On futures and open interest

When analyzing bitcoin cycles, futures markets are of particular interest.

Futures provide an opportunity to bet both on an increase and a decrease in price without owning the asset itself. At the same time, most exchanges offer leverage up to x100 – a paradise for gamblers. It is the ability to place a bet without having the asset itself, and large leverage that led to the fact that the most bitcoin trade volume is made on futures, and the difference with spot volumes is usually several hundred %.

The total number of futures contracts open by all market participants is called open interest (OI).

In order for the BTC futures price to be as close as possible to the spot price, there is a funding mechanism.

Funding is a percentage of an open position that you pay (or receive) depending on how the futures price relates to the spot price. If the futures price is higher than the spot price, the funding is positive, longs pay shorts; if the futures price is lower than the spot price, the funding is negative and shorts pay longs. This mechanism should balance the market in a natural way – the higher the price divergence, the more expensive it becomes to hold a position in the direction of increasing divergence and more profitable in the direction of decreasing.

There are several reasons why the futures market is of particular interest to traders and investors.

1. Risk management. The higher the OI, the higher the expected volatility and the lower the risk for open positions should be. Volatility with a high OI is caused by liquidations – forced closing of futures positions when the price goes in the wrong direction. Thus, the initial small move can be greatly amplified by a chain of liquidations. Each strong (10% +) move is, among other things, the result of the liquidation of futures positions for hundreds of millions of $.

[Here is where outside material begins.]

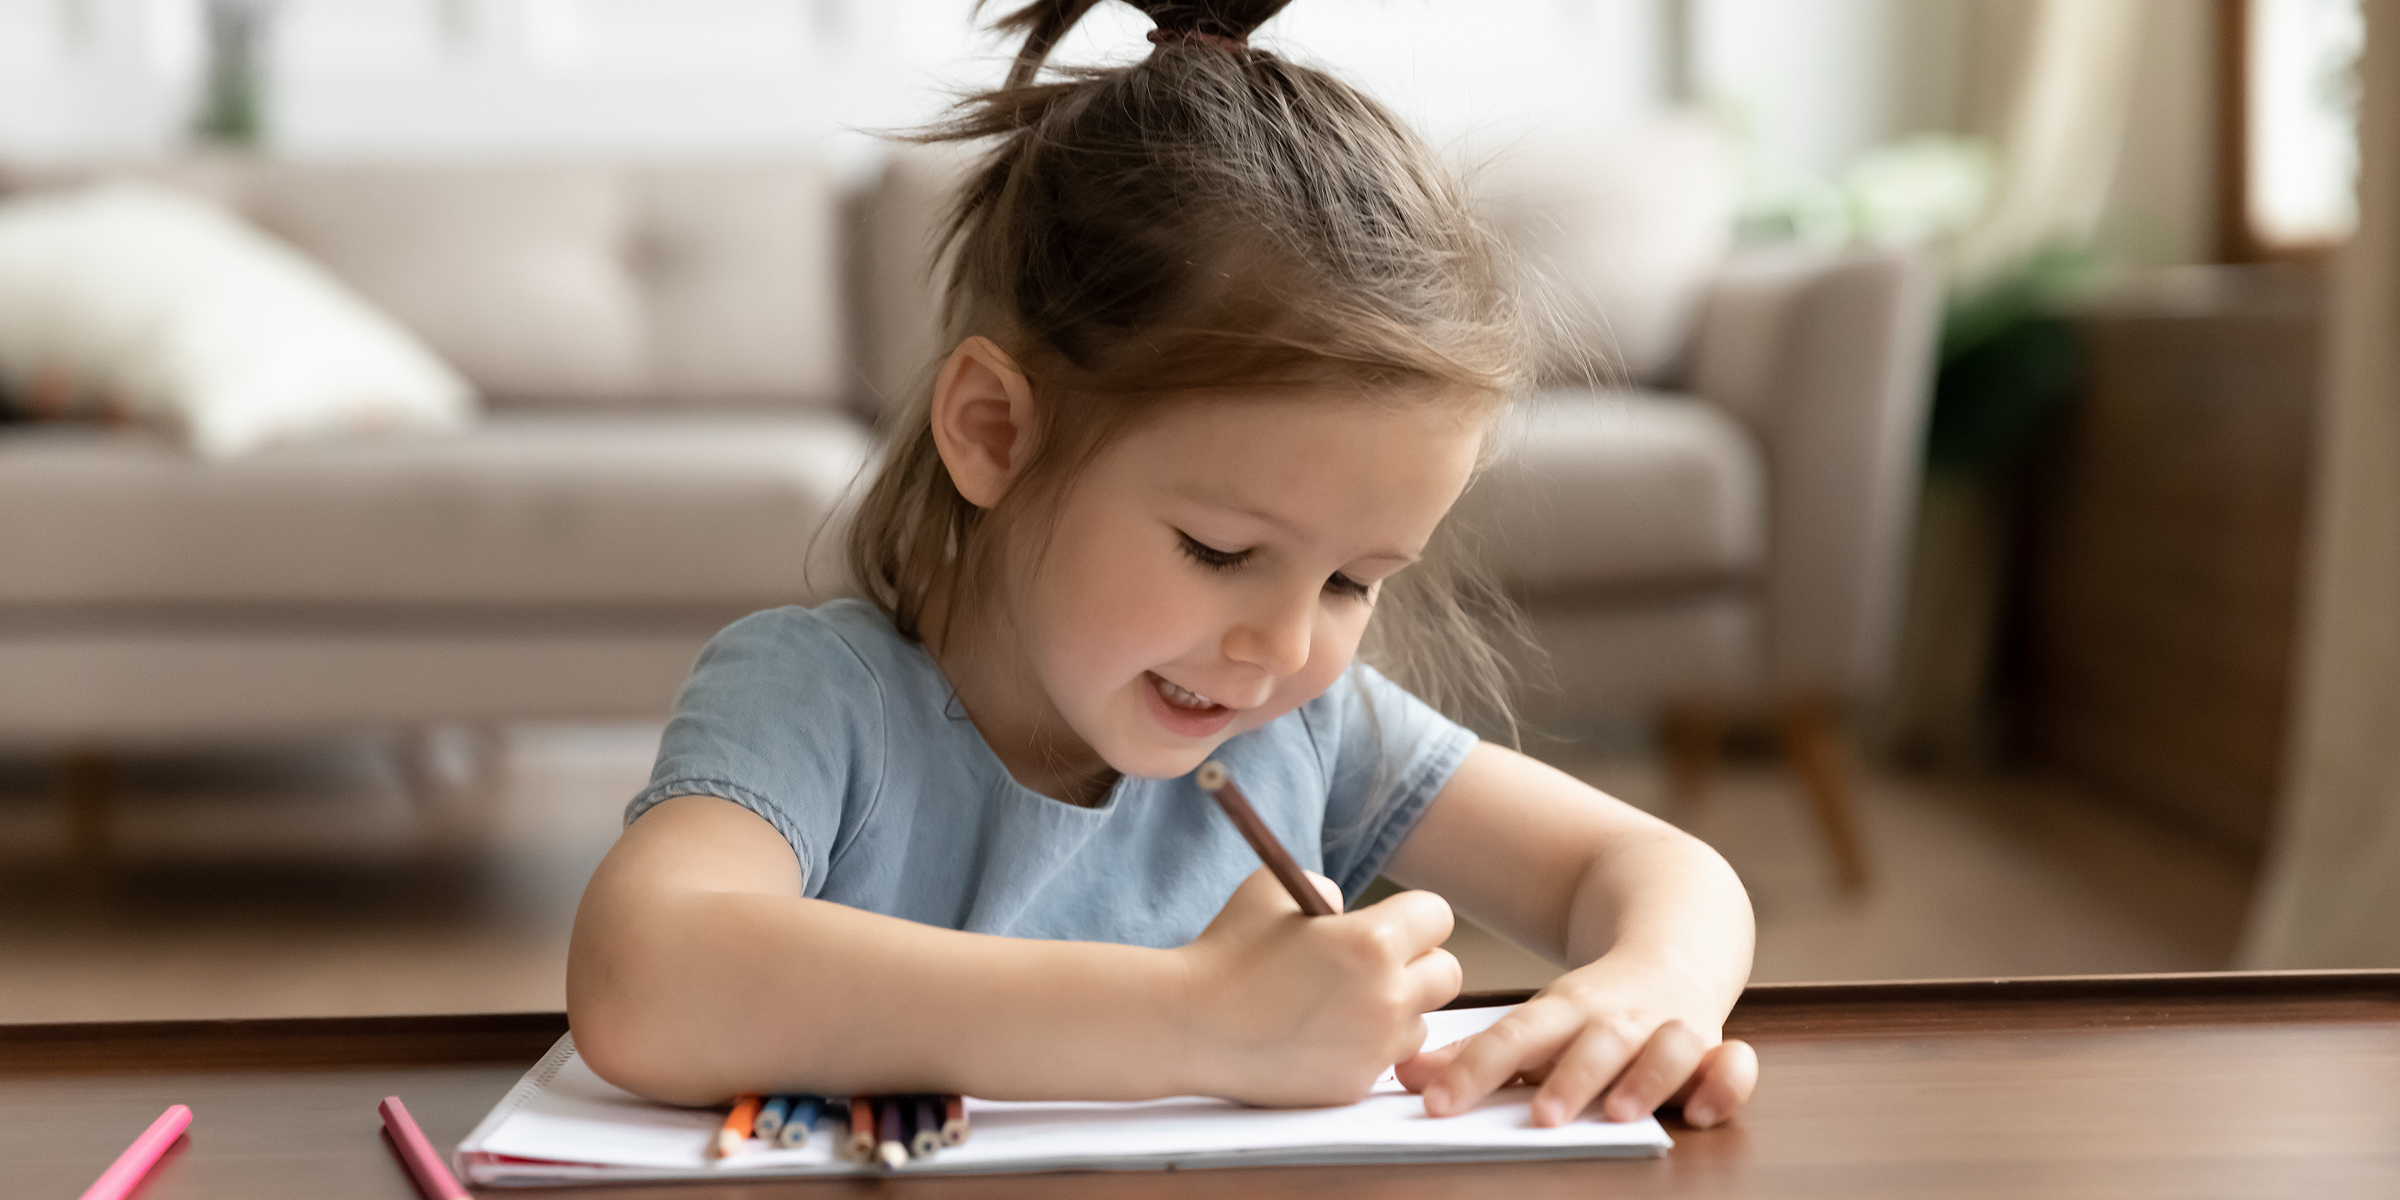 Une petite fille en train de dessiner | Source : Shutterstock
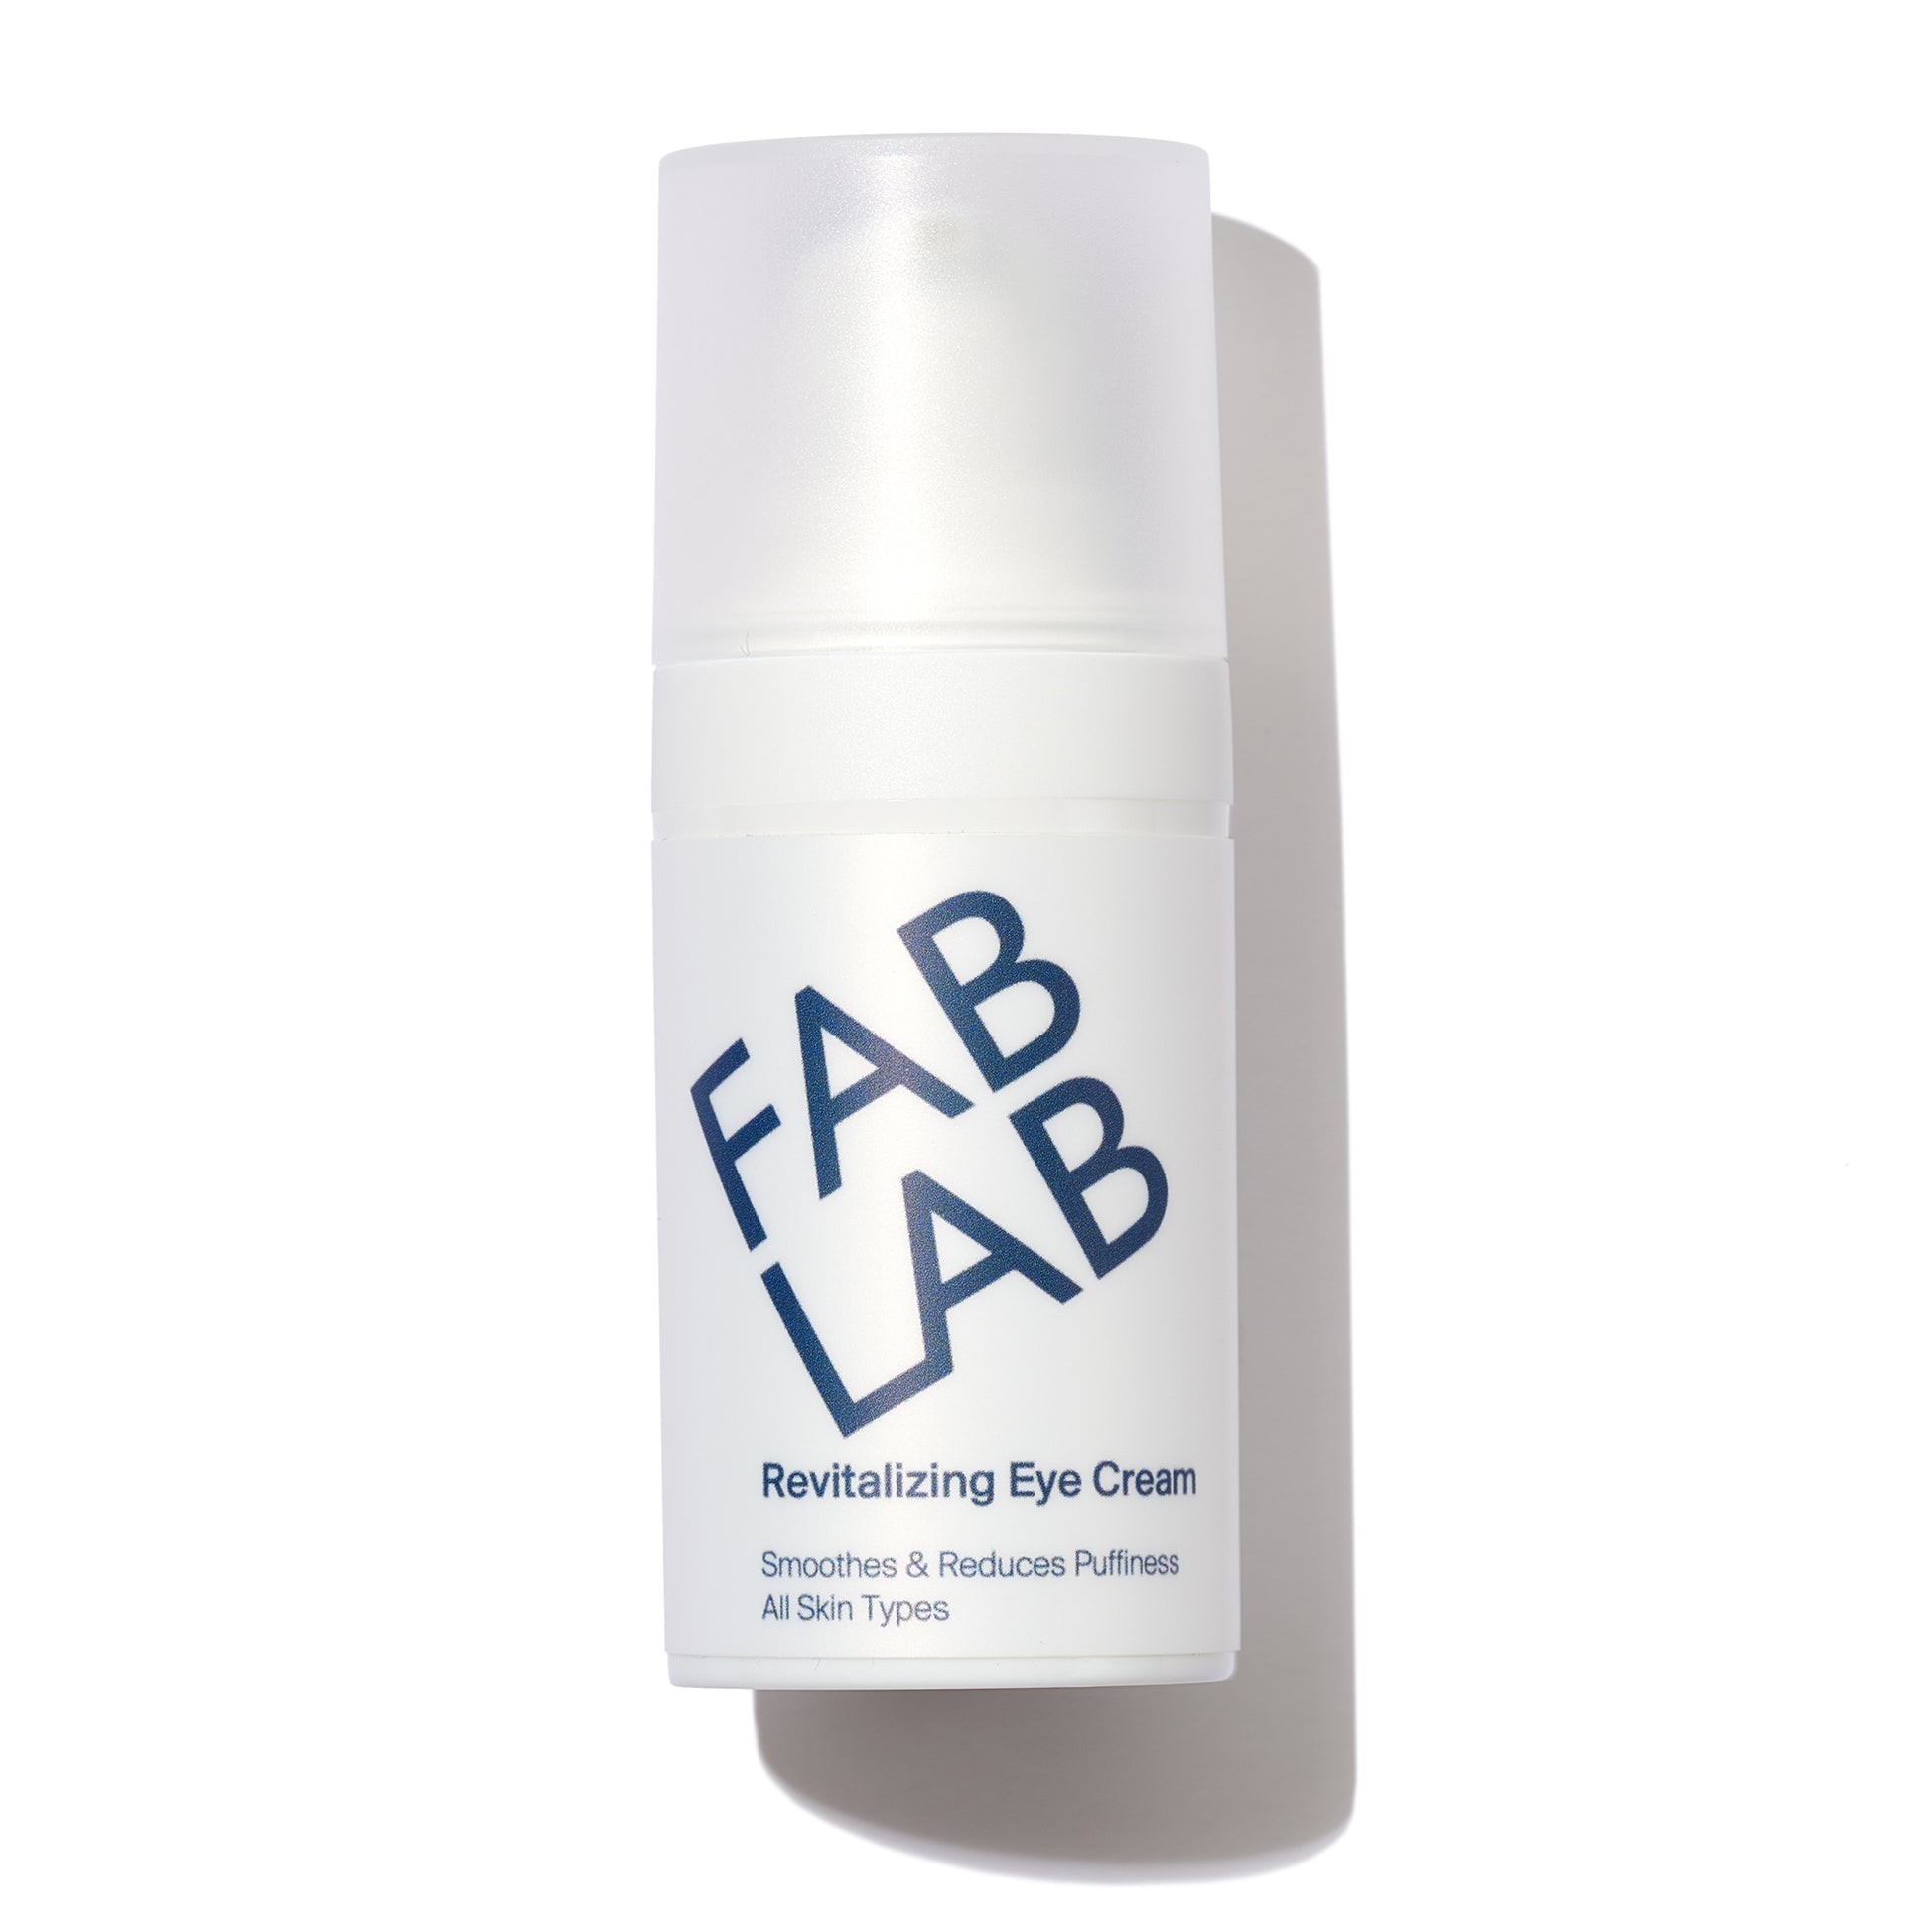 Revitalizing Eye Cream - FABLAB Skincare - fablabskincare

2. Determination of the end of a bull market. Historically, each growth cycle ended at OI at local maximum and strongly positive funding. Why is this happening? After a long period of growth, the funding mechanism ceases to cope with balancing the futures market – there are too many people willing to hold a long position and too few – short. Often during such periods, the price of futures differs from the spot price by 1% or more. The strongest market participants are forced to take the short side and crash the price,this is greatly enhanced by chain liquidations. At one time, one of the largest futures exchanges, Bitmex, openly stated that it was trading against its clients in order to balance the price.

3. Determination of the end of a bear market. Historically, each bear market ended at a OI at local lows and strongly negative funding. After chain liquidations from point 2 (often organized several times over weeks or months), when the number of players willing to take the short side recovers, a period of reaccumulation begins, followed by a transition to bull market.

Every trader / investor has two different options. The first one is HODL, the futures market can be ignored – over a run of 5-10 years BTC is likely to grow anyway. The second is more active position management with an investment / trading horizon of less than a year, in this case the futures market should be understood and used to determine entry and exit points.